Dataset-local api.py files removed: all replaced by metadata.json.
OpenHands SDK SFT samples regenerated for datasets compatible with current SDK code handling.
OpenHands SDK SFT samples intentionally removed for datasets with non-bash code actions:
- agenttuning_db: mysql
- code_feedback: cpp, go, javascript, python
- codeactinstruct: python
- jupyter-agent-dataset: python
- omniact: python
- openhands: bash, python

Validation

uv run --with ruff ruff check .
uv run --with pytest --with pydantic --with Pillow --with beautifulsoup4 --with tqdm --with datasets --with matplotlib --with pre-commit pytest -q tests/test_*.py
python scripts/check_schema_version_bump.py --base-ref origin/main --head-ref HEAD

Results:

Ruff: passed
Full test suite: 461 passed, 14 skipped, 4 warnings
Schema version bump check: passed (1.3.0 -> 1.4.0)

Notes

The non-bash SDK gap is intentional in this PR. Future work can define harness-specific mappings for Python and other programming languages without weakening the harness-independent metadata schema.

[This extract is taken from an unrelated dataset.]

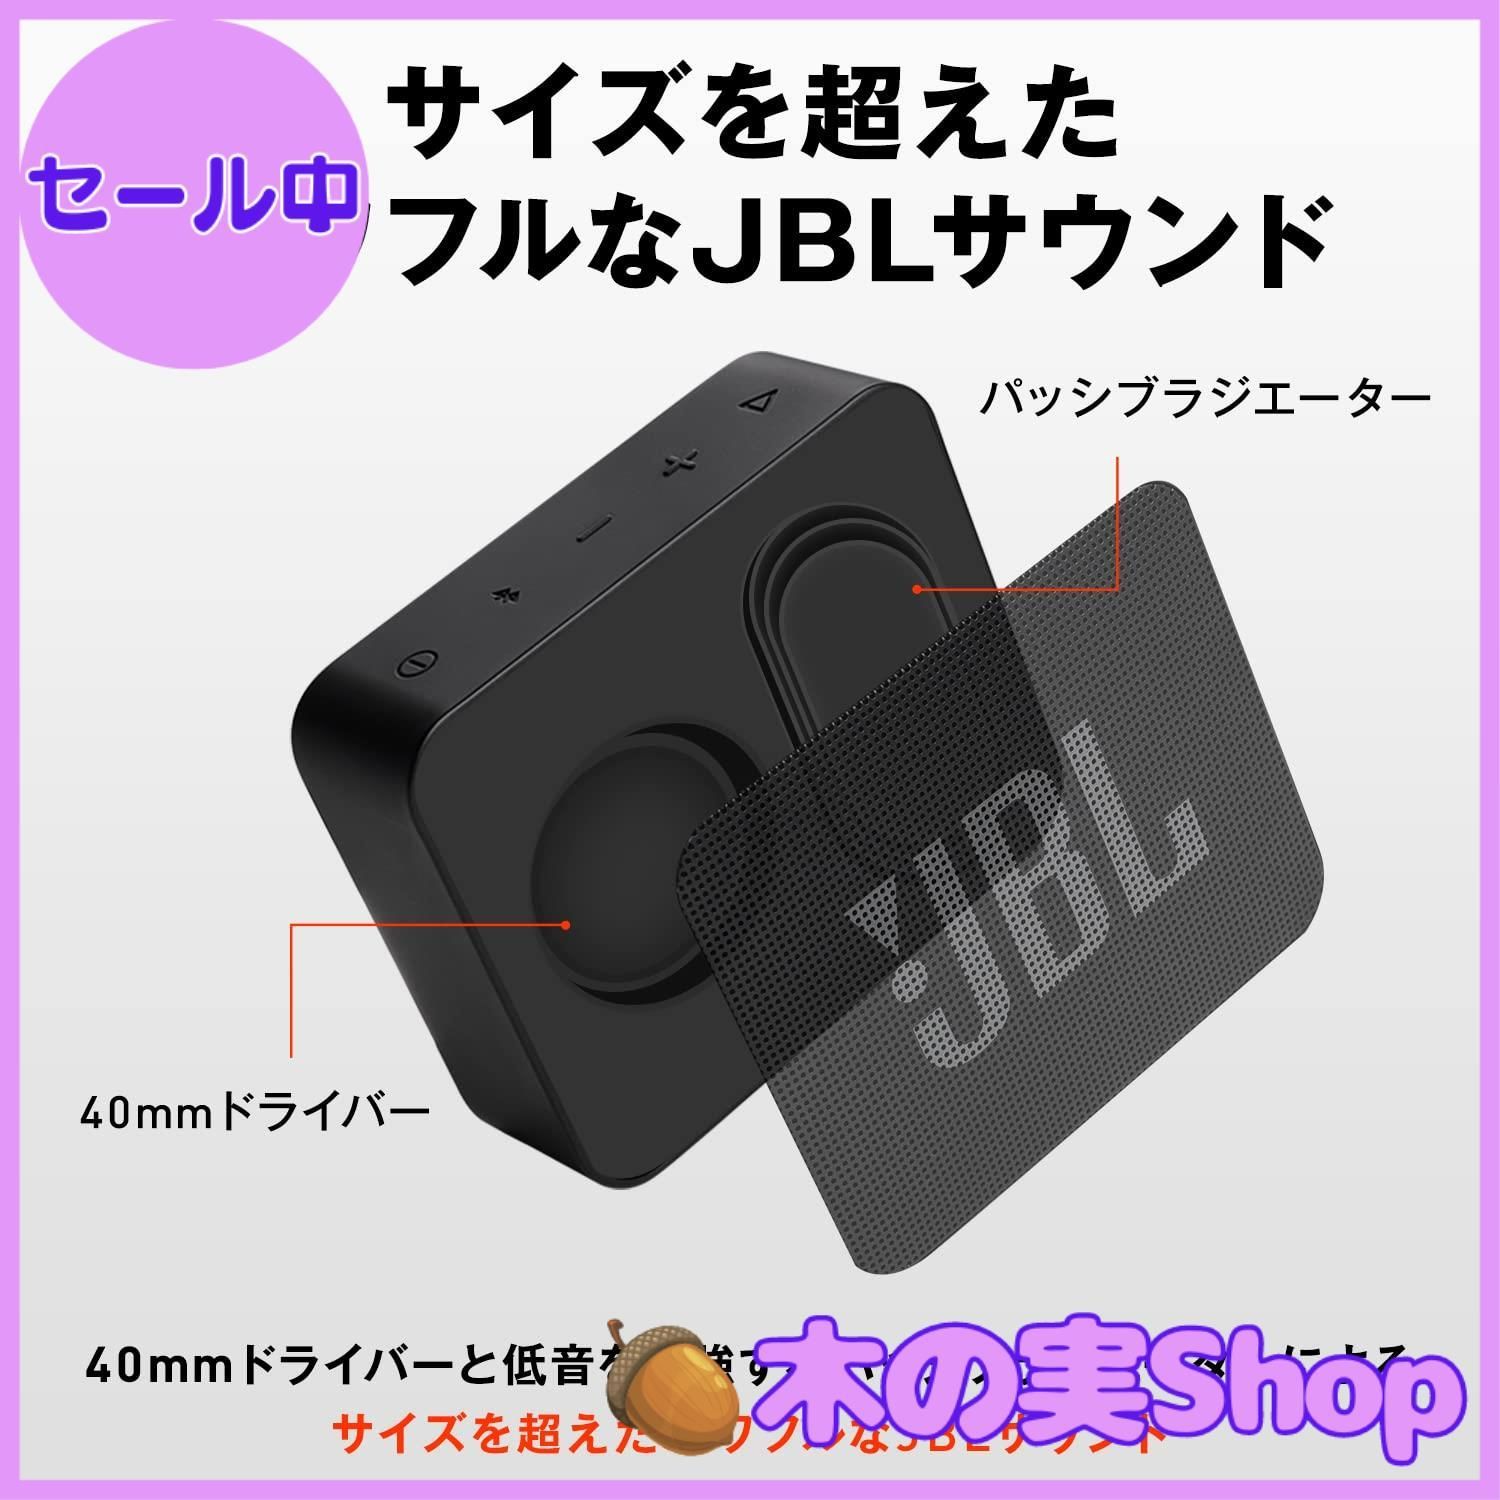 JBL公式限定 Bluetooth スピーカー GO ESSENTIAL ポータブルスピーカー ブルートゥース 防水 アウトドア  かわいい おしゃれ 浴室 お風呂 ギフト

This PR description was updated by an AI agent on behalf of the user.

Co-authored-by: openhands <openhands@all-hands.dev>

…-sft-converter

…ft-converter

github-actions · 2026-05-26T00:24:49Z

PR Artifacts Notice

This PR contains a .pr/ directory with PR-specific documents. This directory will be automatically removed when the PR is approved.

For fork PRs: Manual removal is required before merging.

…ft-converter

Co-authored-by: openhands <openhands@all-hands.dev>

github-actions

🟡 Acceptable — The core converter (agents/openhands_sdk/std_to_sft.py) is solid: clean OpenAI chat-completions output, proper tool-call/result pairing with explicit IDs, good browser-action heuristics, and metadata-driven tool selection. Tests exercise real code paths and cover important edge cases (legacy XML finish, parallel tool calls, explicit IDs). Two documentation issues need attention.

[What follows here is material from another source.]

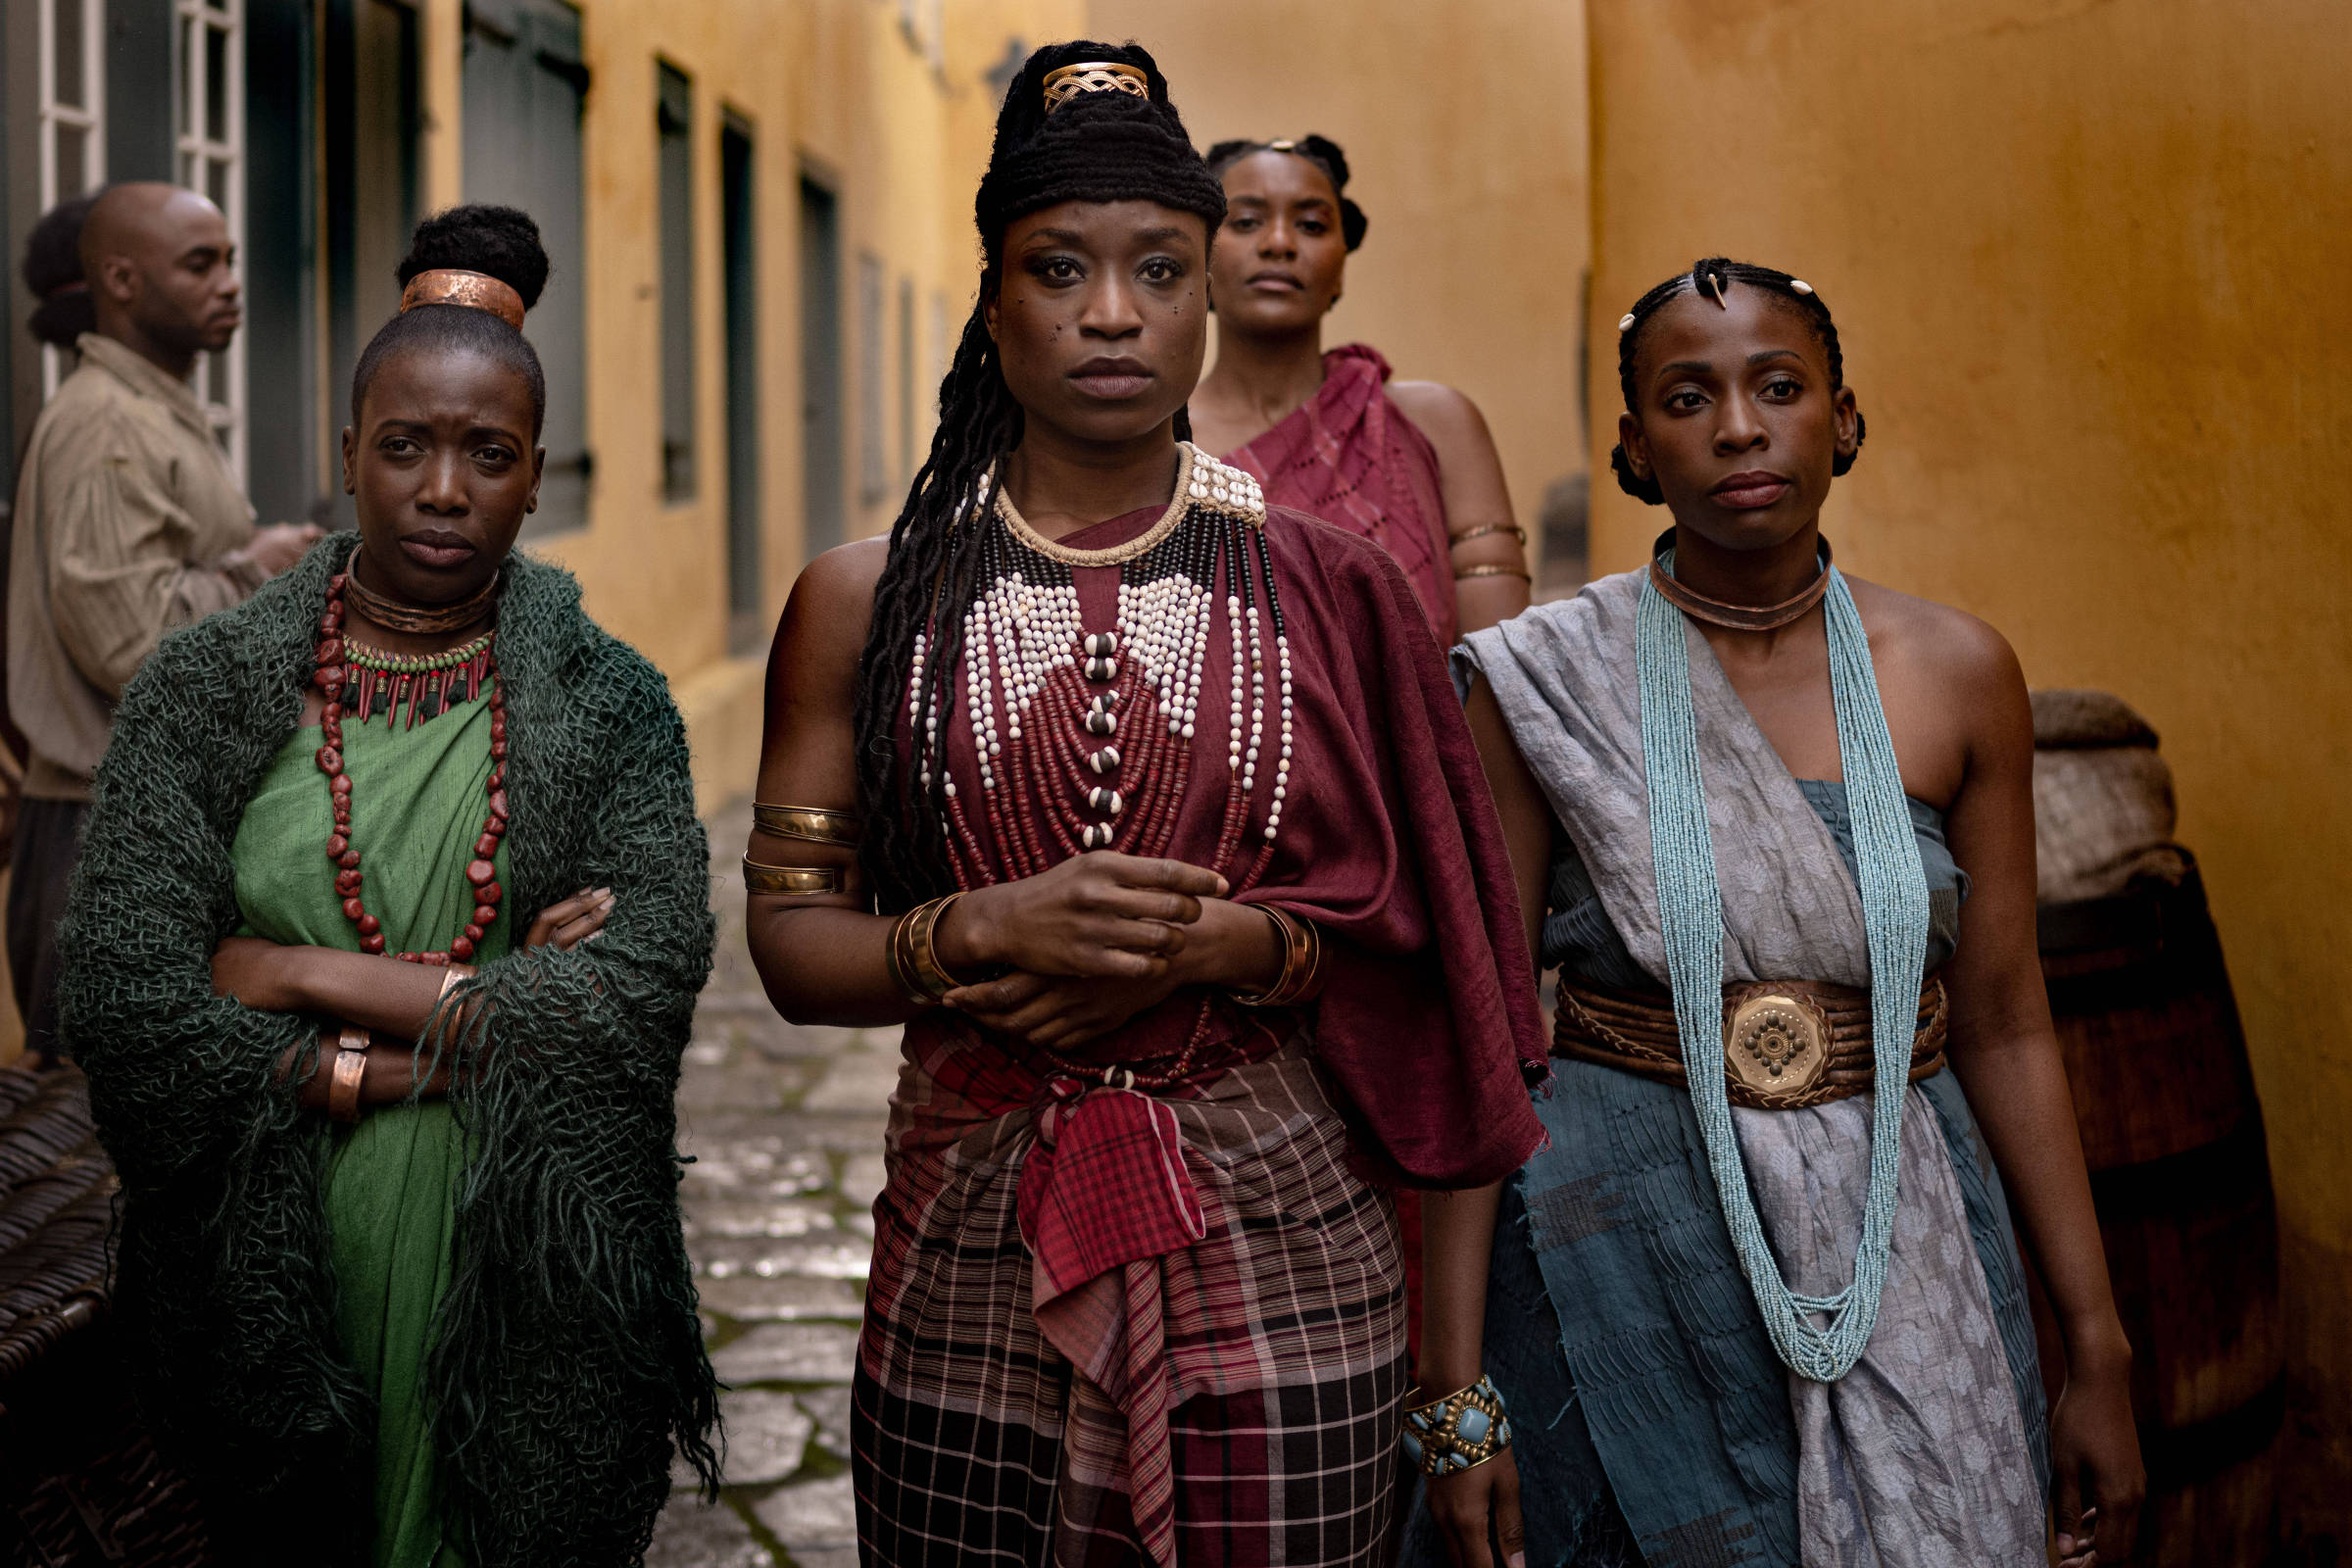 Série da Netflix e exposição redescobrem rainhas africanas - 24/04

Also note: .agents/skills/custom-codereview-guide.md (not modified in this PR, so no inline comment) still says api.py is required for ApiAction datasets (line 16) and validates against available_apis (lines 24–25). After this PR merges those review rules will fire incorrectly on every future dataset PR — api.py no longer exists and the field is now available_custom_tools. This should be updated in the same commit that updates AGENTS.md.

[RISK ASSESSMENT]

[Overall PR] ⚠️ Risk Assessment: 🟡 MEDIUM. Large fan-out (~370 files, 50 datasets updated) increases the chance of a silent regression. The stale AGENTS.md and reviewer-skill guide could mislead future contributors and automated reviewers.

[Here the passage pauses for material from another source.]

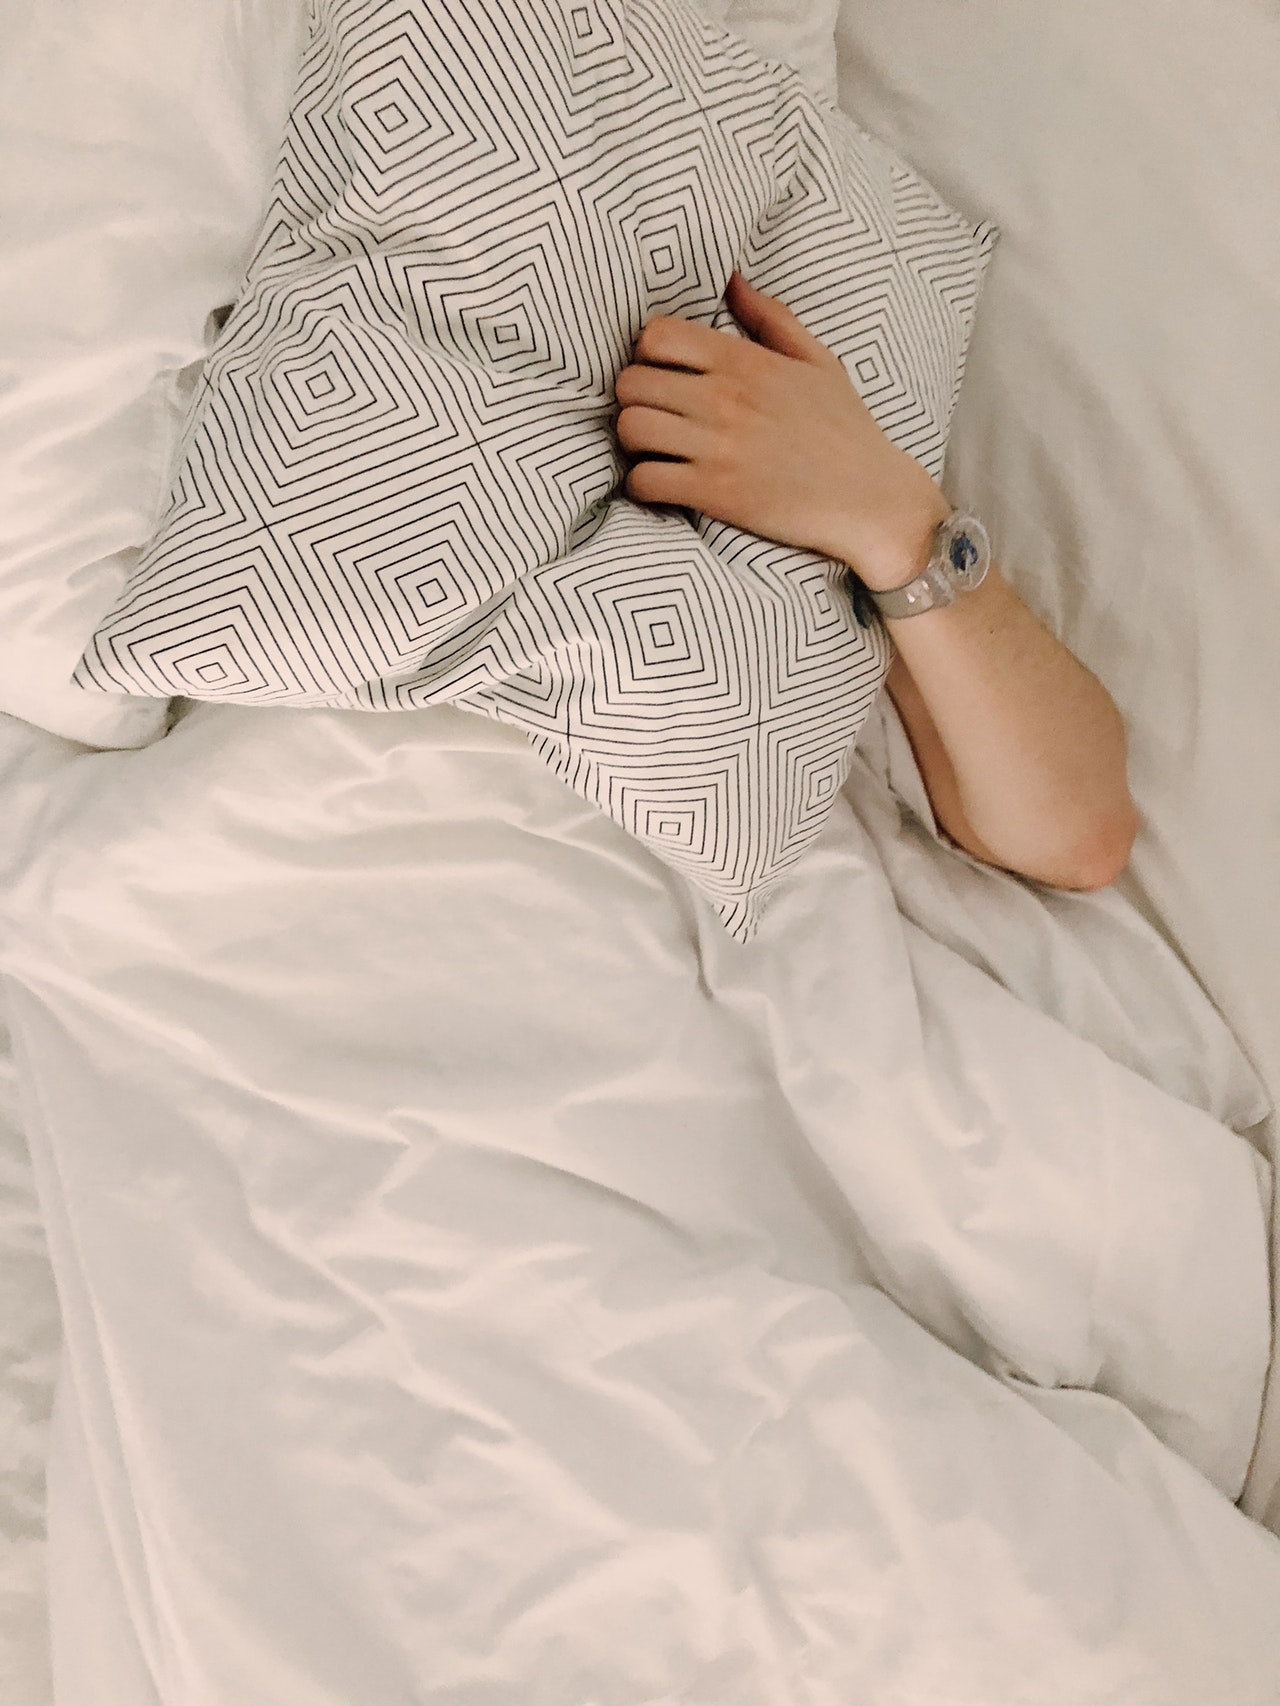 4 ขั้นตอนซ่อมที่นอนส่งเสียงดังรบกวนใจทำตามง่าย ๆ

VERDICT: ✅ Worth merging after fixing the stale documentation.

KEY INSIGHT: The api.py → metadata.json migration is complete in code but incomplete in documentation — AGENTS.md and the reviewer skill still enforce the old contract.

Was this automated review useful? React with 👍 or 👎 to this review to help us measure review quality.
Workflow run: https://github.com/neulab/agent-data-protocol/actions/runs/26491199686

github-actions · 2026-05-27T04:48:11Z

@@ -89,6 +89,7 @@ Example correct format:
 - Every `ApiAction.kwargs` object must validate by calling the function in `api.py`; include required parameters such as the `message` argument for `finish`.
 - If a trajectory has `available_apis`, it must be a top-level list of function names that is a subset of that dataset's `api.py` functions, and every `ApiAction.function` used in that trajectory must appear in the list.
 - Only populate `available_apis` for datasets that have `api.py` and whose source data explicitly specifies per-instance tool/API availability. Do not fill it with all functions from `api.py`, and do not infer it merely from the APIs used in the trajectory.
+- If a trajectory has `CodeAction` entries, it must have top-level `available_code_languages` containing exactly the `CodeAction.language` values used in that trajectory.


🟠 Important: This new line was added alongside lines 88–91 and line 15 which still reference the old api.py contract and the renamed field available_apis. This PR removes every dataset-local api.py and renames the trajectory field to available_custom_tools, but the surrounding rules were not updated. Future contributors will add api.py files and use available_apis in JSON — both now wrong.

Required updates in the same file:

Line 15 (directory tree): api.py (required if ApiAction is used) → metadata.json (required when sample_std.json exists)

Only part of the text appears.